It’s July and the hits just keep coming. Coming out of a week of heat fever, a week under the heat dome, and I’ve just recovered from pleurisy, my body’s panicked nod to the days of the industrial revolution, breathing the hot and muggy air through inflamed lungs, a heavy chest. i misdiagnose myself for a full weekend with anxiety, but it’s a real medical condition. i take drugs for it, they work. It’s July. The season farmers quit farming. Both last year and this year, the people we think of as peers, dropping out. It’s too hard.
It’s July. Listservs are heating up about climate change and policy and land ethics. Everyone is heated. The full thunder moon comes and goes, eclipsed on the other side of the world. The neighbor weans his cows on the moon, and the screaming moos echo across the county. He’s three miles away and they sound like they’re outside my window.

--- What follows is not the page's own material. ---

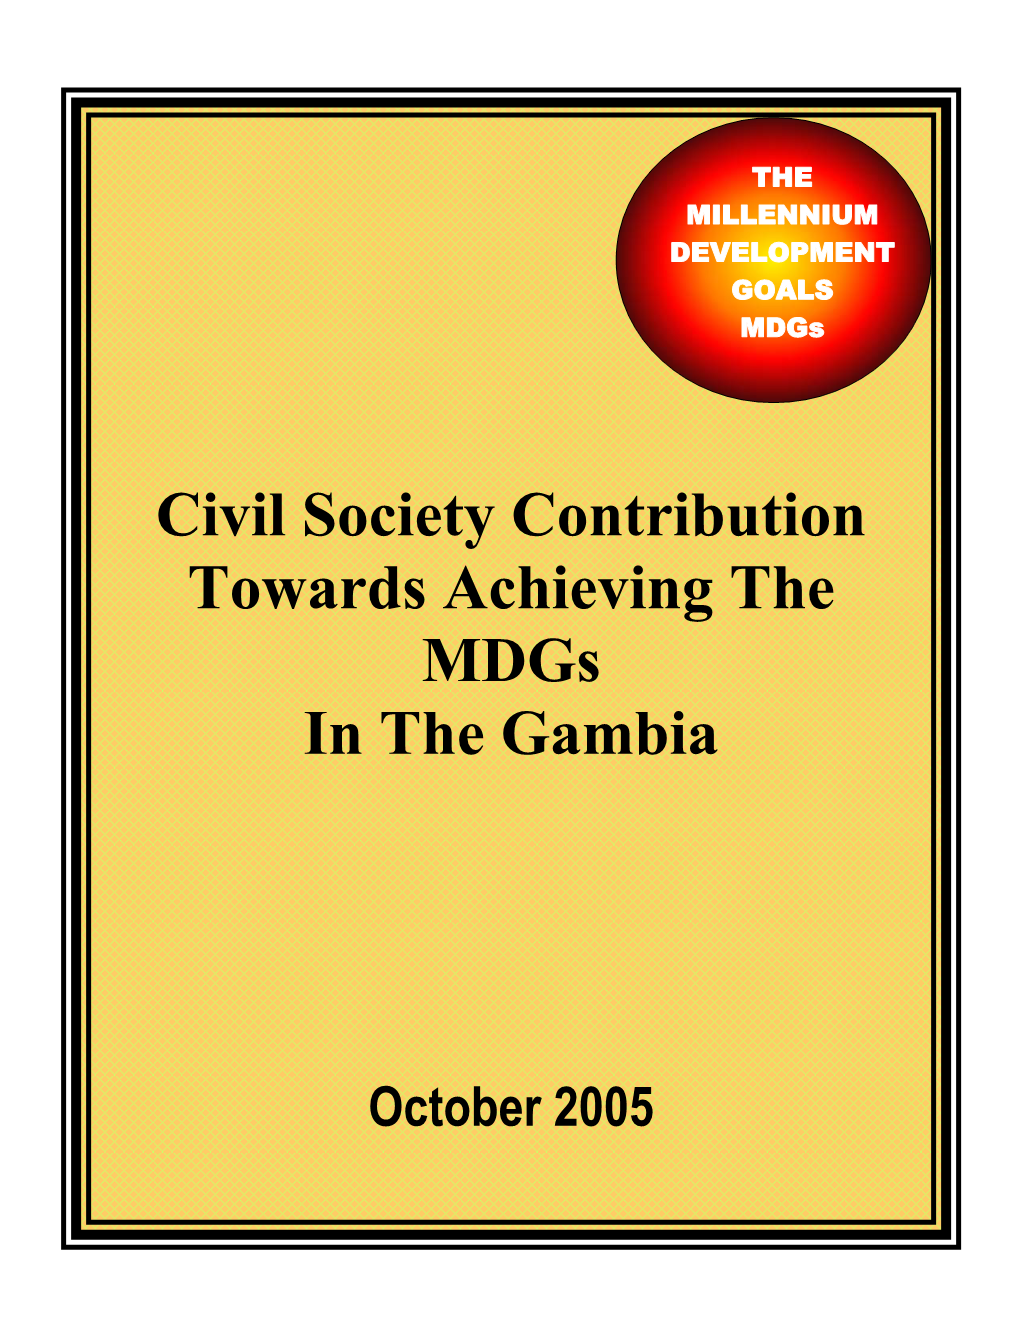 Civil Society Contribution Towards Achieving the Mdgs in the Gambia

What do we do? What do we do? Is the drumbeat of July.
It’s July and we’re too busy to reply to the emails. Those who do get flamed for asking questions, for being concerned. Everyone is heated.
It’s July and it’s tomato season. Finally, I get to hike out to our furthest field and plunge myself into the forested rows. The plants aren’t as big this year, but the toms are already turning and my heart breaks and reforms. The closest I feel to being religious is in the tomato field. Season of devouring. Season of burden, of blight, of blooming. I pick with my heart, and I miss my friend Annie (hi Annie) as I scour the full row of heirlooms. A sheet pan full of the half-rotted ones, roasted under the broiler with fresh garlic over pasta, the juice is the sauce. My favorite lunch.

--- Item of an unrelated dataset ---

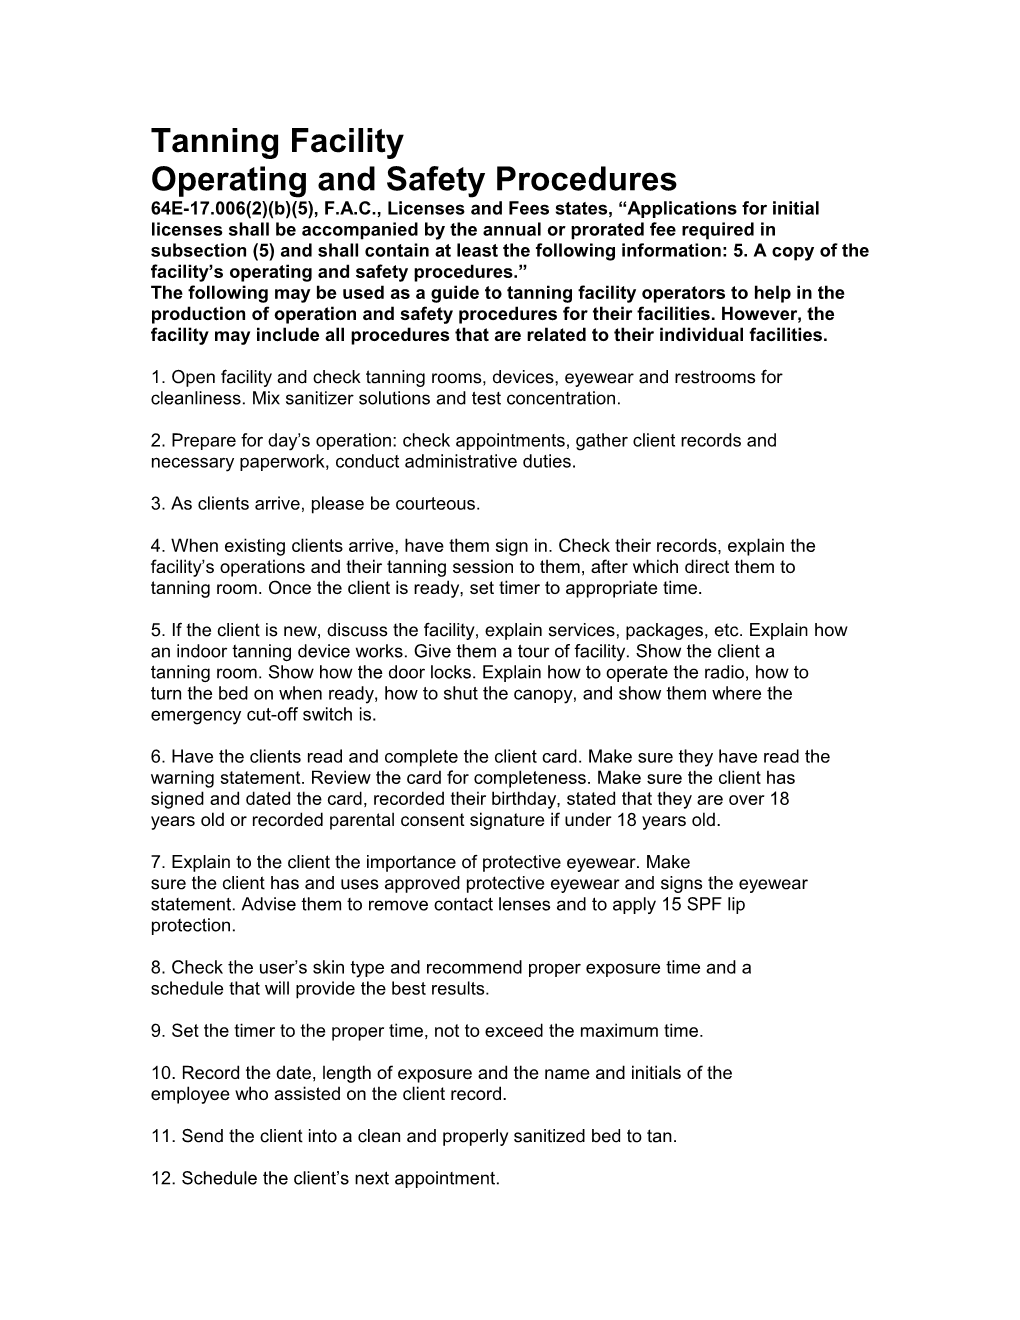 Operating and Safety Procedures

I’ve been working on essays about climate change, responses to articles that come out that I don’t have time to respond to. Responses to people who think they know what they’re talking about, from the outside. Always from the outside. My words sit here, in my files, untouched. I haven’t felt well enough to open them in three weeks.
It’s July and I finally feel alive again. There is too much to do (always) and everyone is heated. The drumbeat marches on (what do we do? what do we do?)